A single number is the whole answer: how many lines in this listing contain "asmodee".
==================================================
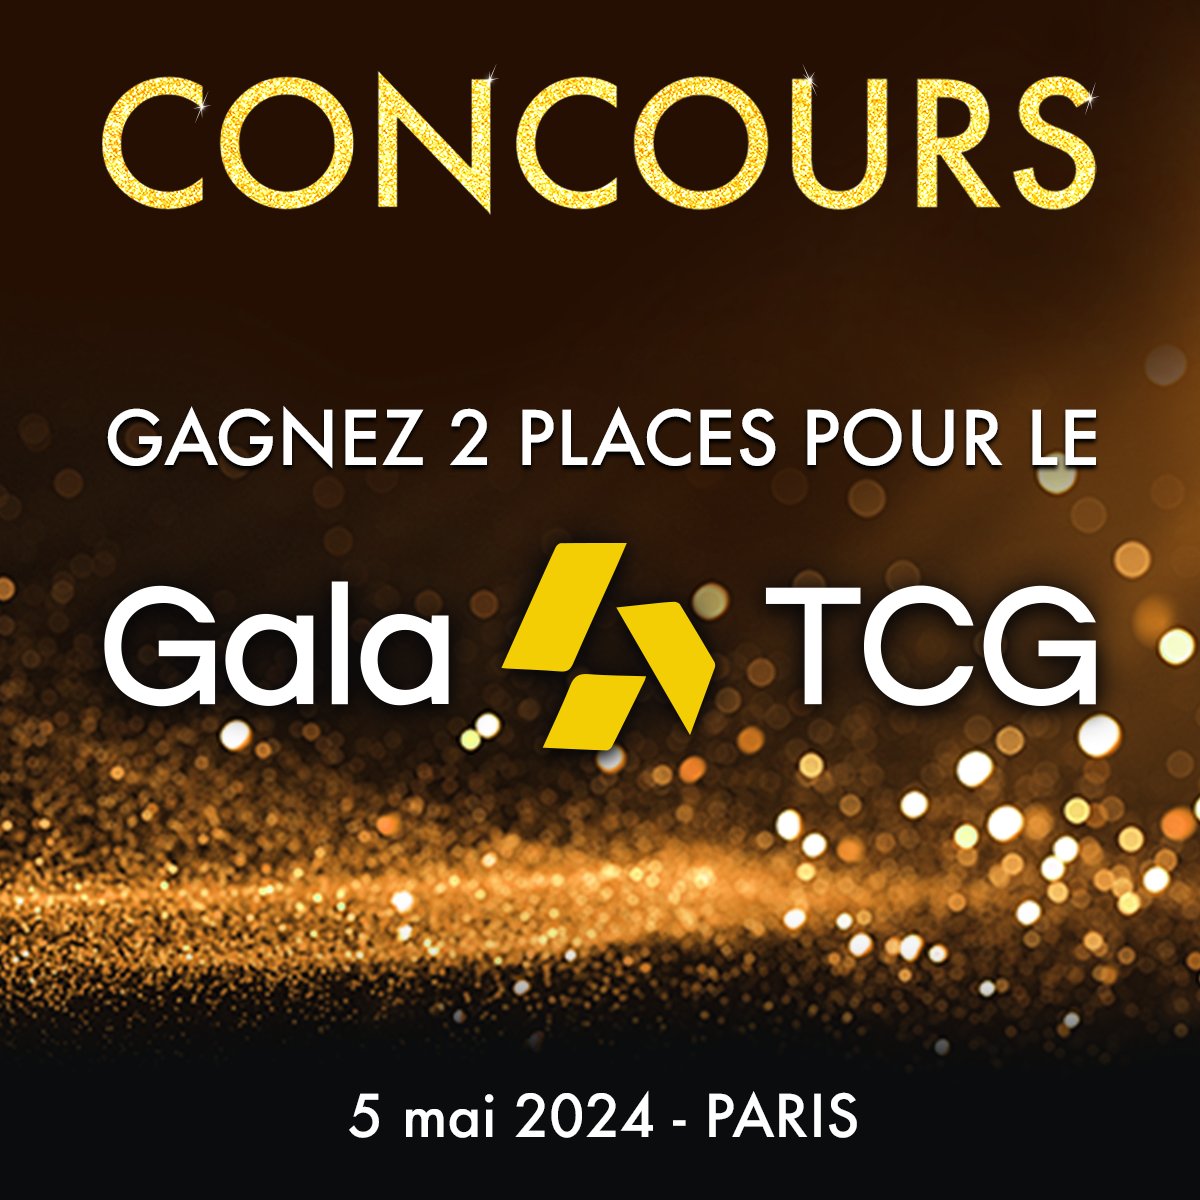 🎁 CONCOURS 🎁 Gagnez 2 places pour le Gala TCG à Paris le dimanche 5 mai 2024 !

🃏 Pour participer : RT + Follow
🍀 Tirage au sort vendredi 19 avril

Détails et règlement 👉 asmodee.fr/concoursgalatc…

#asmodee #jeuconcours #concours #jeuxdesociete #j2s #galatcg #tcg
==================================================
### Task answer:
2